Pearls are having a moment.
For evidence, look no further than the fall 2016 runways of Miu Miu, Gucci, Chanel and Dries von Noten, among others. They’ve also been seen on Kim Kardashian, Lupita N’yongo and Caitlyn Jenner. And for those statistical diehards, pearl sales peaked in 2015 seeing a 369 percent rise in the last decade, according to the Knight Frank Luxury Investment Index.
From a trend point of view, renewed interest in pearls is not surprising, as fashion continues towards a goth/Victorian look. However, from a financial standpoint, that’s a whole different story. Just as the demand for pearls is rising, so is their price—a whole other trend which industry experts predict will continue.

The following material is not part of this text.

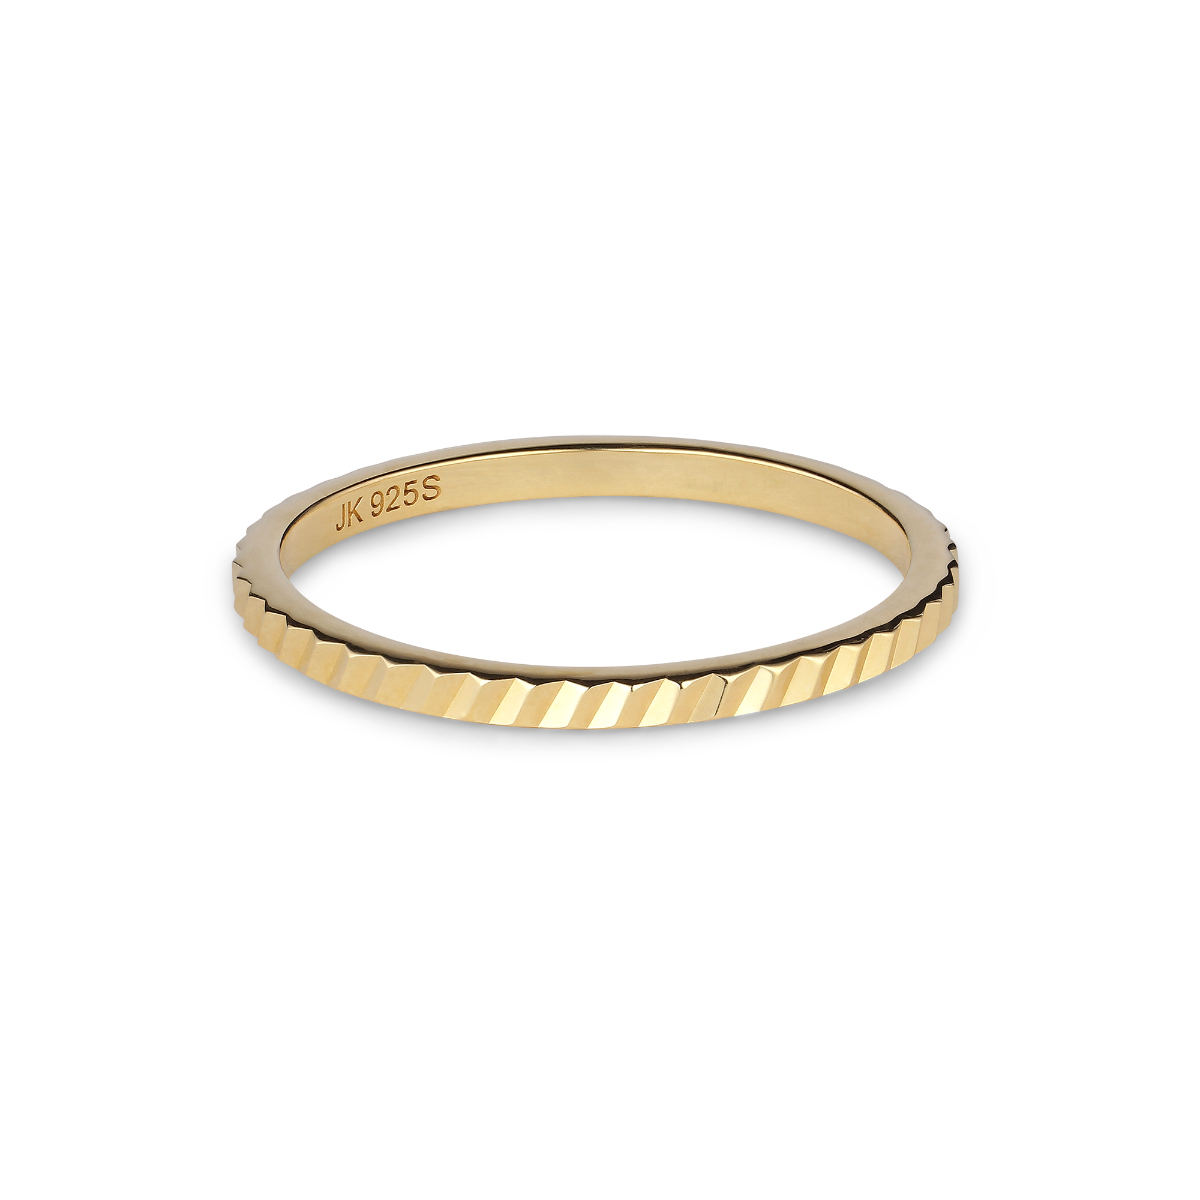 Jane Kønig small Reflection ring, guld, 54

Leon Rbibo, president of The Pearl Source, an online retailer raking in $10 million annual sales just from pearl jewelry, identifies what is contributing to the rise in pearl prices. “The price of pearls is increasing due to two reasons. First, economic landscape and financial markets play a role in luxury goods in general, high quality pearls are included in that. That means overarching factors like political uncertainty, such as escalations in the South China Sea, and unstable economies like the fluctuating Japanese Yen and the Chinese Yuan Renminbi.”
Rbibo also points to Brexit as another example of political unrest, adding, “Brexit had a 1000% immediate effect on the pearl market. Because the currency markets were destabilized, pearl goods, along with other commodities, became more expensive literally overnight.”
The second reason for the pearl price increase is environmental changes, according to Rbibo. He points out that pearls are like crops, in that they are farmed and the ability to produce them depends on the health of the ocean and other such factors. Thus with widespread climate change, the ability to produce them has become more difficult over the last few years, resulting in pearls becoming more scarce and higher quality becoming harder to find.
While The Pearl Source specializes in only higher quality pearls, Rbibo believes that two markets will emerge to meet the demands of fashion’s current pearl trend.
“I think that at the end of the day—there’s a consumer for everything and a price point for everyone,” Rbibo says. “It’s the same as there being a market for cubic zirconia and diamonds. There’s a market for imitation and another one for people who appreciate the organic, precious stones.”